OilAlpha

OilAlpha, a cyber threat group believed to be associated with Yemen's Houthi movement, has been engaged in a cyber espionage campaign since May 2022. The group primarily targets development, humanitarian, media, and non-governmental organizations operating in the Arabian Peninsula. Using encrypted chat messengers like WhatsApp, OilAlpha launches social engineering attacks to steal victim data and credentials. The group is known for its use of malicious applications disguised as legitimate entities, including a suspicious Android file named "Cash Incentives.apk" discovered in June 2024. Infrastructure used by OilAlpha has been traced back to the Public Telecommunication Corporation (PTC), a Yemeni government-owned entity under the control of Houthi-aligned officials. The group's operations have included targeting individuals attending Saudi Arabian government-led negotiations and using spoofed Android applications mimicking entities tied to the Saudi Arabian government and a UAE humanitarian organization, among others.
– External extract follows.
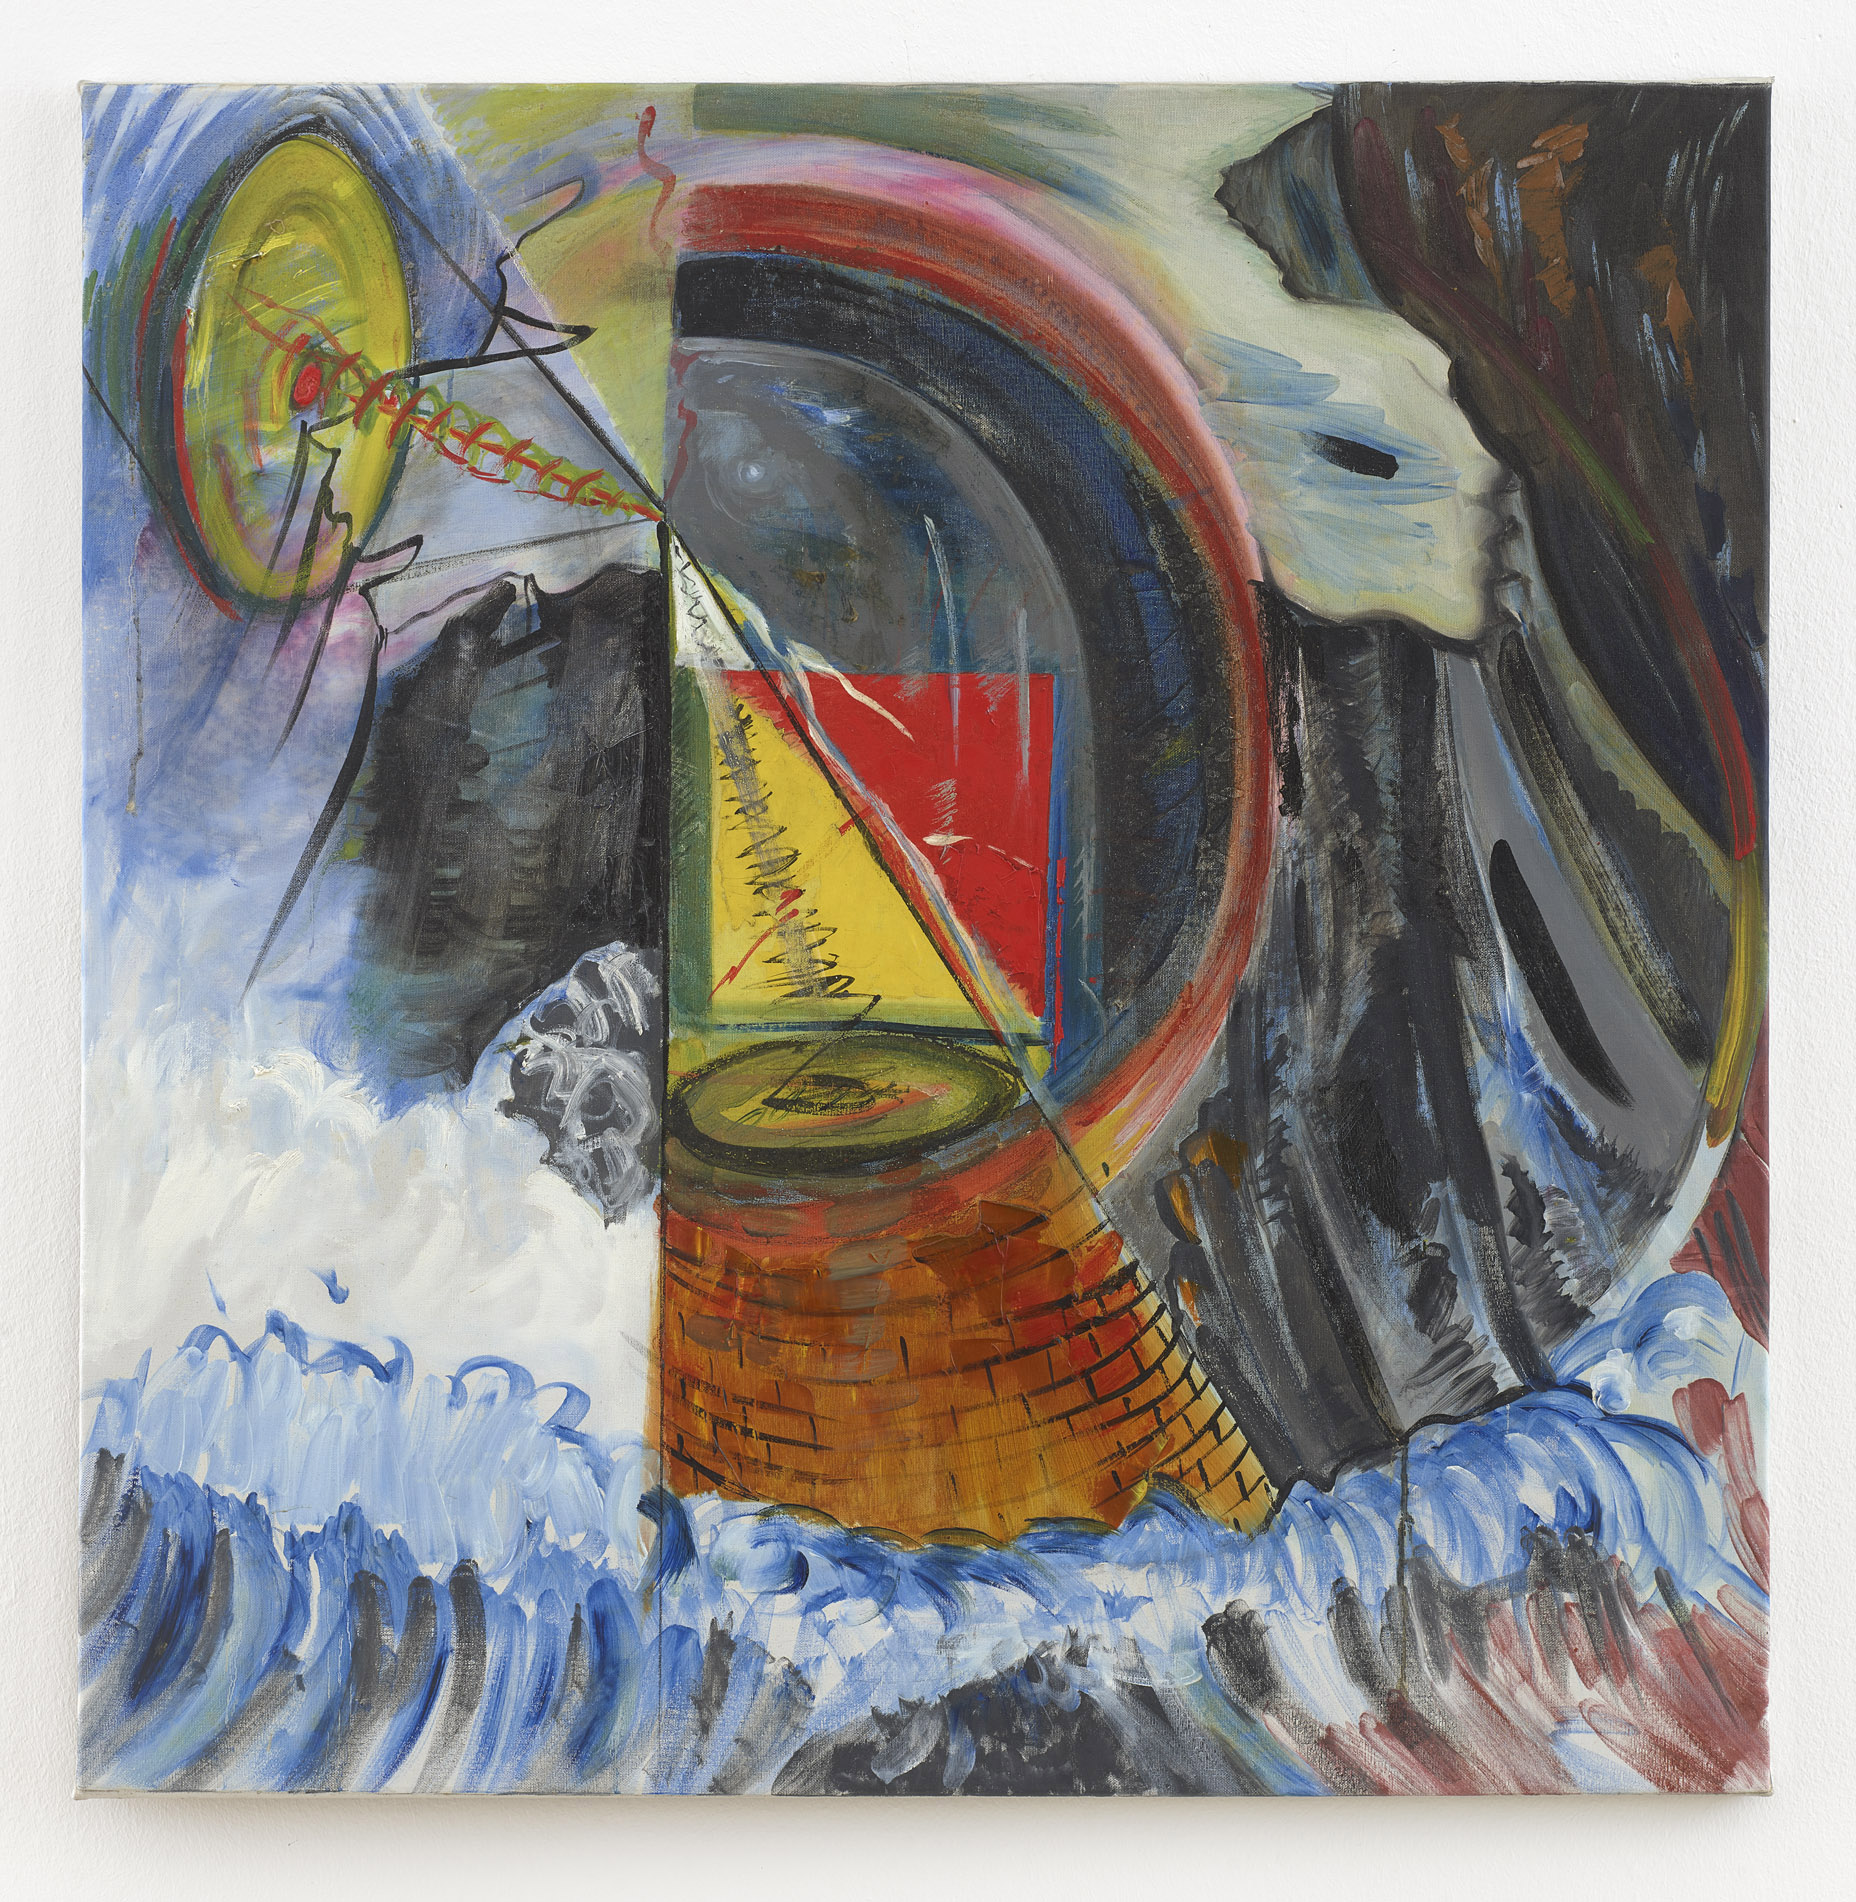 o.T. | undatiert | Acryl auf Leinwand | 102 x 100 cm
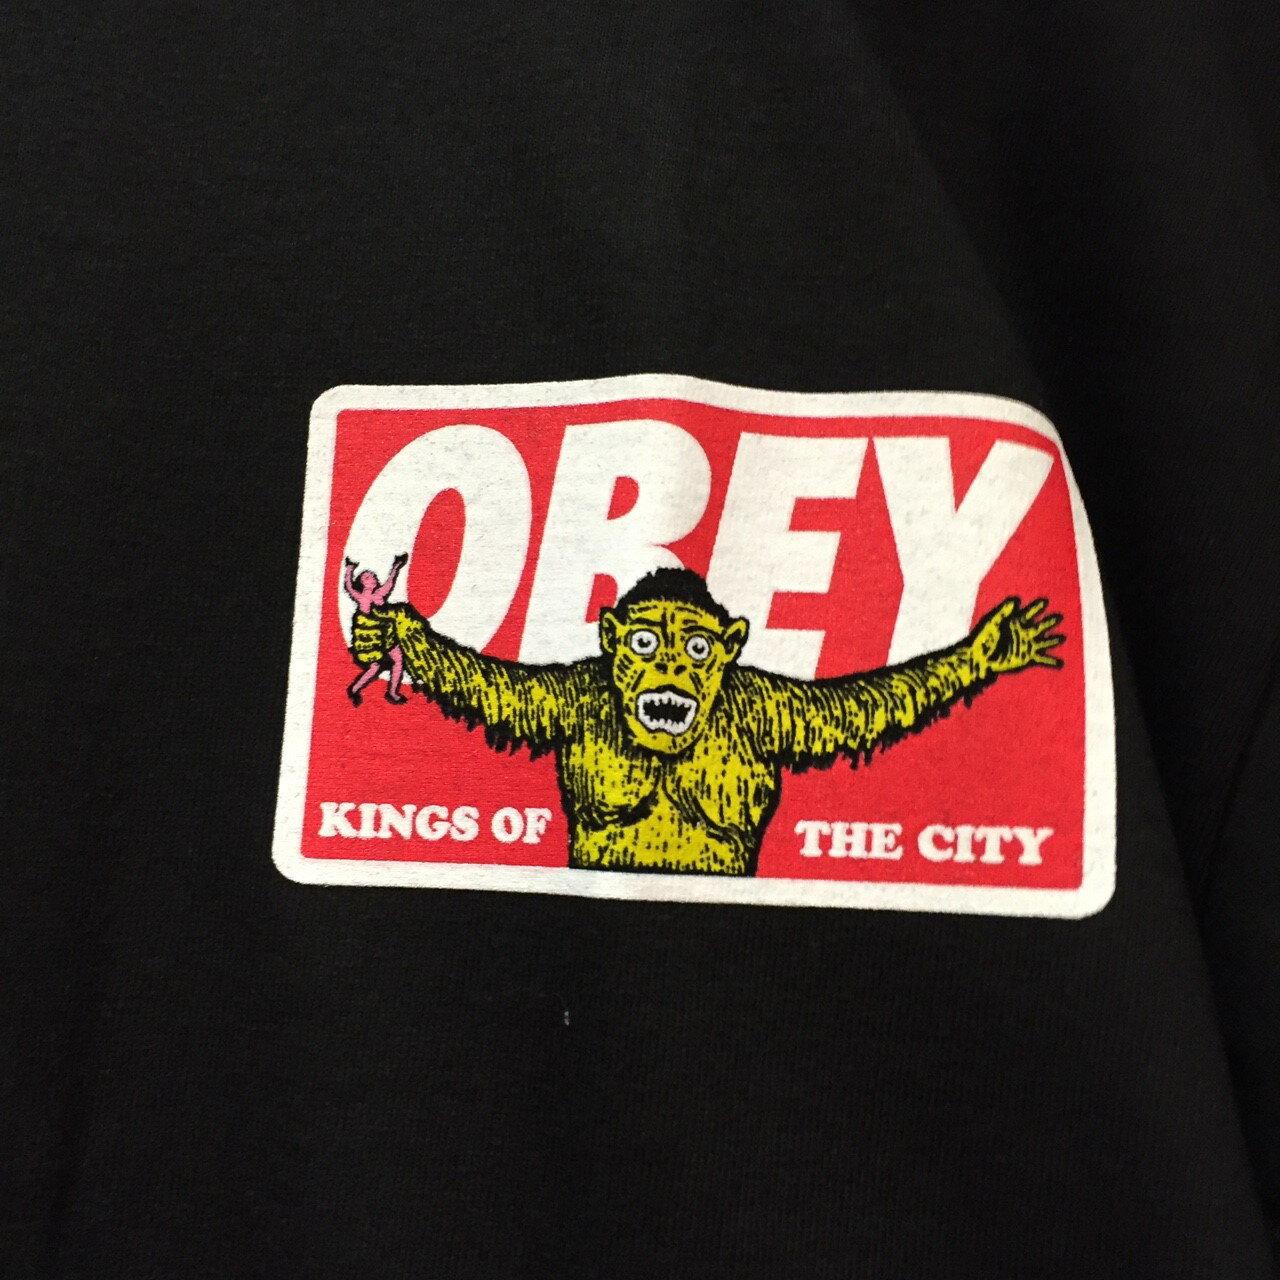 BEETLE PLUS 西門町經銷 全新 美國品牌 OBEY KINGS OF THE CITY 城市之王 全黑 紅字 LOGO 短T TEE 163081152BLK OB-414 1

This suggests an ongoing effort by OilAlpha to control the distribution of humanitarian aid in Yemen. Furthermore, OilAlpha operates a credential theft portal hosted on the domain kssnew[.]online, indicating a more extensive cyber espionage network. While the potential for OilAlpha to manipulate or destroy data could lead to operational disruption, the more likely scenario is personal identifiable information (PII) theft, which could result in legal or compliance failures for targeted organizations. Speculatively, this access to data may be part of a broader strategy by the OilAlpha group to win local support amid ongoing civil war conditions by improving public services.